[Excerpts from a dataset]
* * * * * * *

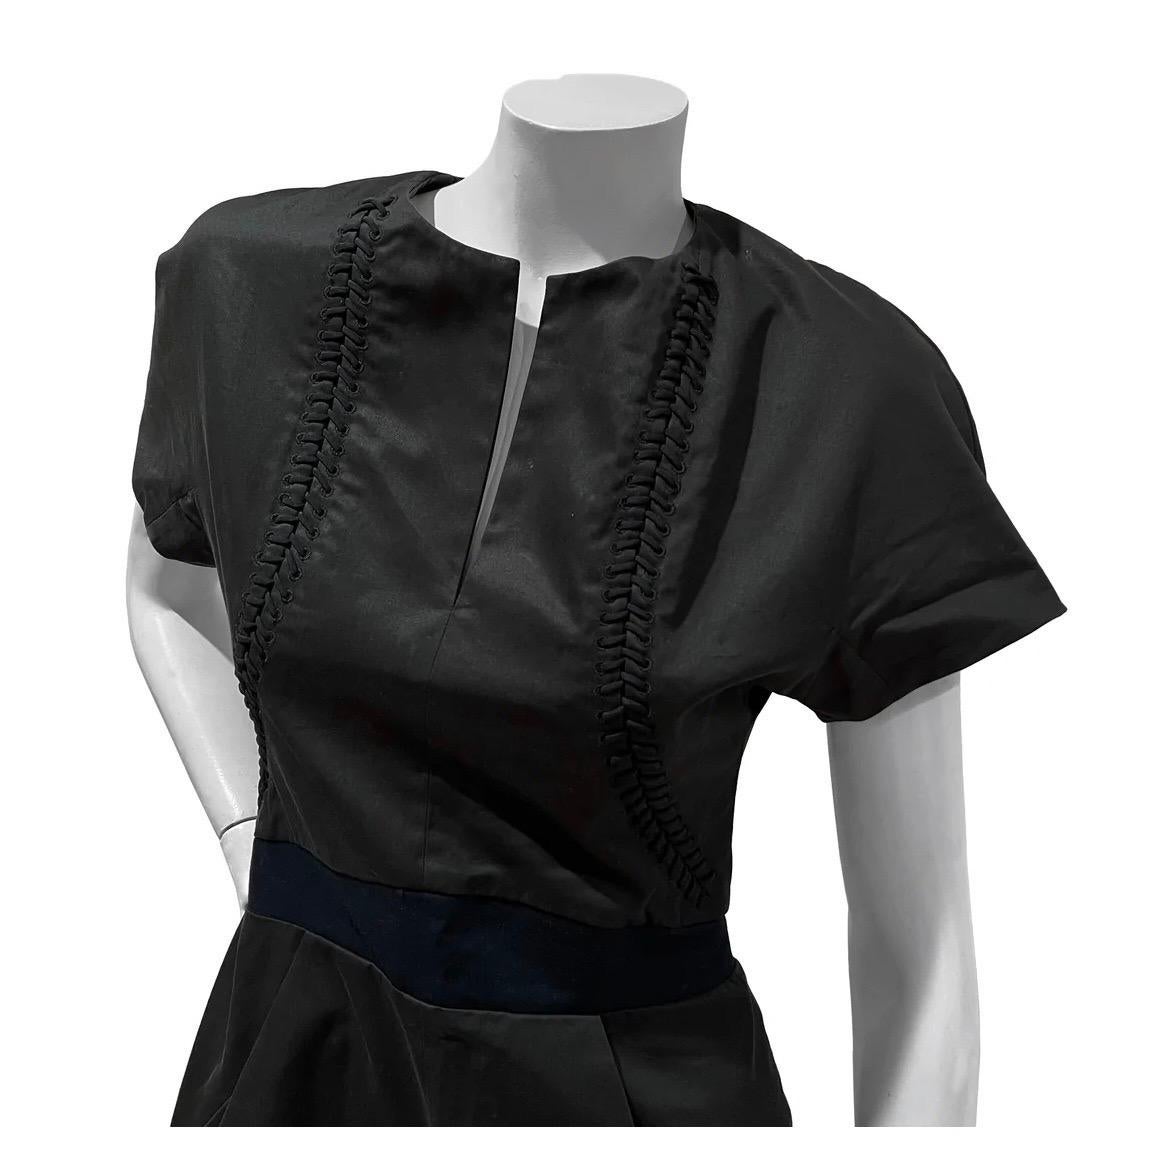 Whipstitch Detail Romper by Balenciaga 
Circa 2007
Made in Italy
Slate gray 
Short sleeves
Center collar slit
Whipstitch detail to waist
Navy blue waist band
Dual front pockets
Dual faux back pockets 
Back zip closure
Fold over cuff hem  
Fabric

* * * * * * *

EXERCISE GOAL
Using the records above, copy each line that contains "pockets".

EXERCISE SOLUTION
Dual front pockets
Dual faux back pockets 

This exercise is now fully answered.